Салли Каслтон прибыла в Огайо из тюрьмы в округе Гамильтон (Цинциннати). Здесь ей предстояло отбывать пожизненный срок. Война лишила её семью достатка, но не гордыни — эти люди скорее умерли бы с голоду, но не пошли бы работать.
А у Салли был дар божий — голос. Она пела в хоре главного собора в Цинциннати. Вся семья умудрялась существовать на её жалование.
На службу в собор стал частенько приходить сынок богатенького банкира. Старая, как мир история. Он увидел Салли, оба были молоды, девушка была не просто привлекательна — она была невероятно красива, словом, любовь и всё такое.
Они выезжали на лоно природы — молодой человек являлся к дому Салли, они садились в запряжённую четвёркой коляску… Старые кумушки бросались к окнам, чтобы полюбоваться красивой парой — банкирский отпрыск был недурён собой, а молодая леди — признанная городская красавица. Их союз был бы отличной партией.
Но постепенно визиты банкирского сынка в округ Гамильтон становились всё более редкими. И однажды ночью Салли ушла из дому и не вернулась.
Она отправилась в Цинциннати, где получила работу в прачечной. Откладывала каждый пенни и никогда никого не просила о помощи.
Старшая надзирательница рассказала мне только половину истории. Вторую поведала сама Салли — неделей позже, когда я снова встретился с нею в кабинете матроны.
— Почему я не пошла к нему? Ах… Я знала… — Салли сцепила изящные, как белые лилии, ладони и продолжила после паузы, полной грусти: — Знала — он не захочет, чтобы его беспокоили. Мне не хотелось услышать слово «уходи» из его уст.
Понимаете, до тех пор, пока я не услышала от него этого слова собственными ушами, я могла находить утешение в мечтах — долгими бессонными ночами я представляла себе, как он беспокоится обо мне, думает, волнуется, что со мной сталось…
Я представляла себе, как он ищет меня по всему городу. И вот находит и просит не волноваться — всё будет хорошо. И тогда я успокаивалась.
Но я отдавала себе отчёт в том, что просто лгу сама себе. Знала, что он отвернулся бы от меня. Он ведь так сразу, внезапно изменился, когда узнал. Он тогда посмотрел на меня с таким отвращением и ненавистью, что я вся застыла, как от дыхания морозного ветра. Он схватил свою шляпу, повернулся и пошёл по дорожке. Но потом вернулся и попытался проявить некоторую доброту.

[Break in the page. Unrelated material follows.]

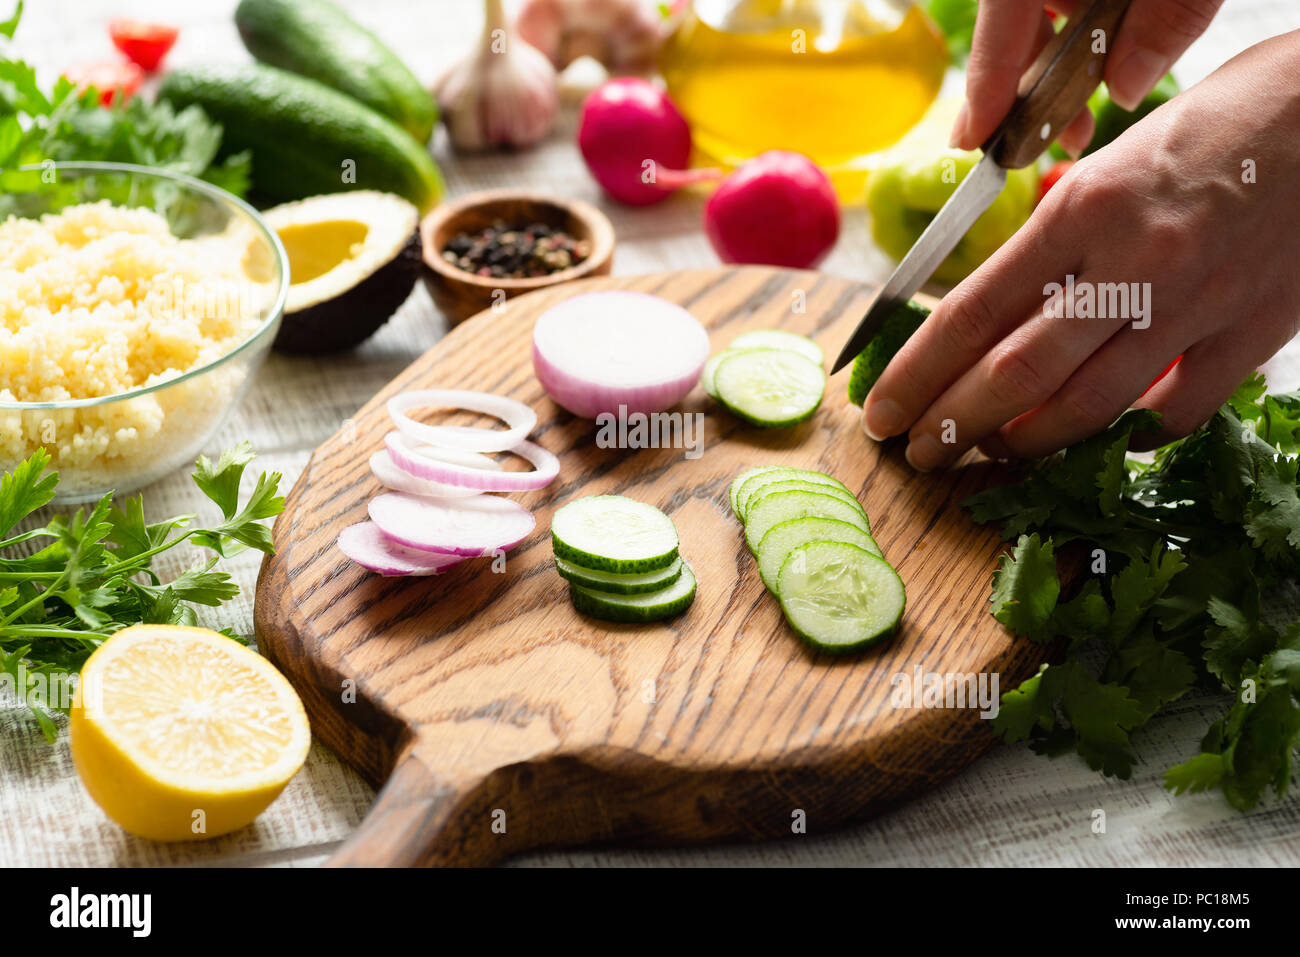 Coupe féminine des légumes frais pour la salade. Arrière-plan de cuisson. Préparation de la salade fraîche Banque D'Images

— «Салли, — сказал он, — я о тебе позабочусь. Жди меня в следующее воскресенье».
Я поверила. И ждала, ждала… Искала для него оправданий. Но в конце концов поняла, что он никогда не вернётся. Я не могла больше выносить косых взглядов моих родных. Однажды ночью, когда все уснули, я увязала кое-какие пожитки и выскользнула через чёрный ход.
Салли удалось скопить деньжат на самые необходимые нужды. Когда ребёнку было несколько недель от роду, она вернулась к работе в прачечной. Старуха, у которой она снимала комнату, присматривала за младенцем. Но когда ребёнку исполнилось пять или шесть месяцев, он заболел, и Салли пришлось оставить работу.
Всё бы ничего, пока хватало её маленьких сбережений, но, к сожалению, их нельзя было растянуть надолго. Как только средства стали подходить к концу, Салли почти перестала есть и тратила деньги только на лекарства для ребёнка. Однако тому лучше не становилось. Платить доктору было нечем. Салли впала в отчаяние.
— Если бы вы только видели моего ребёнка! — Салли сцепила руки, её глаза наполнились слезами. — Такое чудесное белое личико, и на нём — огромные синие глаза! Он поворачивал головку, и его бедный ротик раскрывался, словно дитя собиралось заплакать, но даже этого у него не получалось от слабости. У меня сердце разрывалось при этом зрелище.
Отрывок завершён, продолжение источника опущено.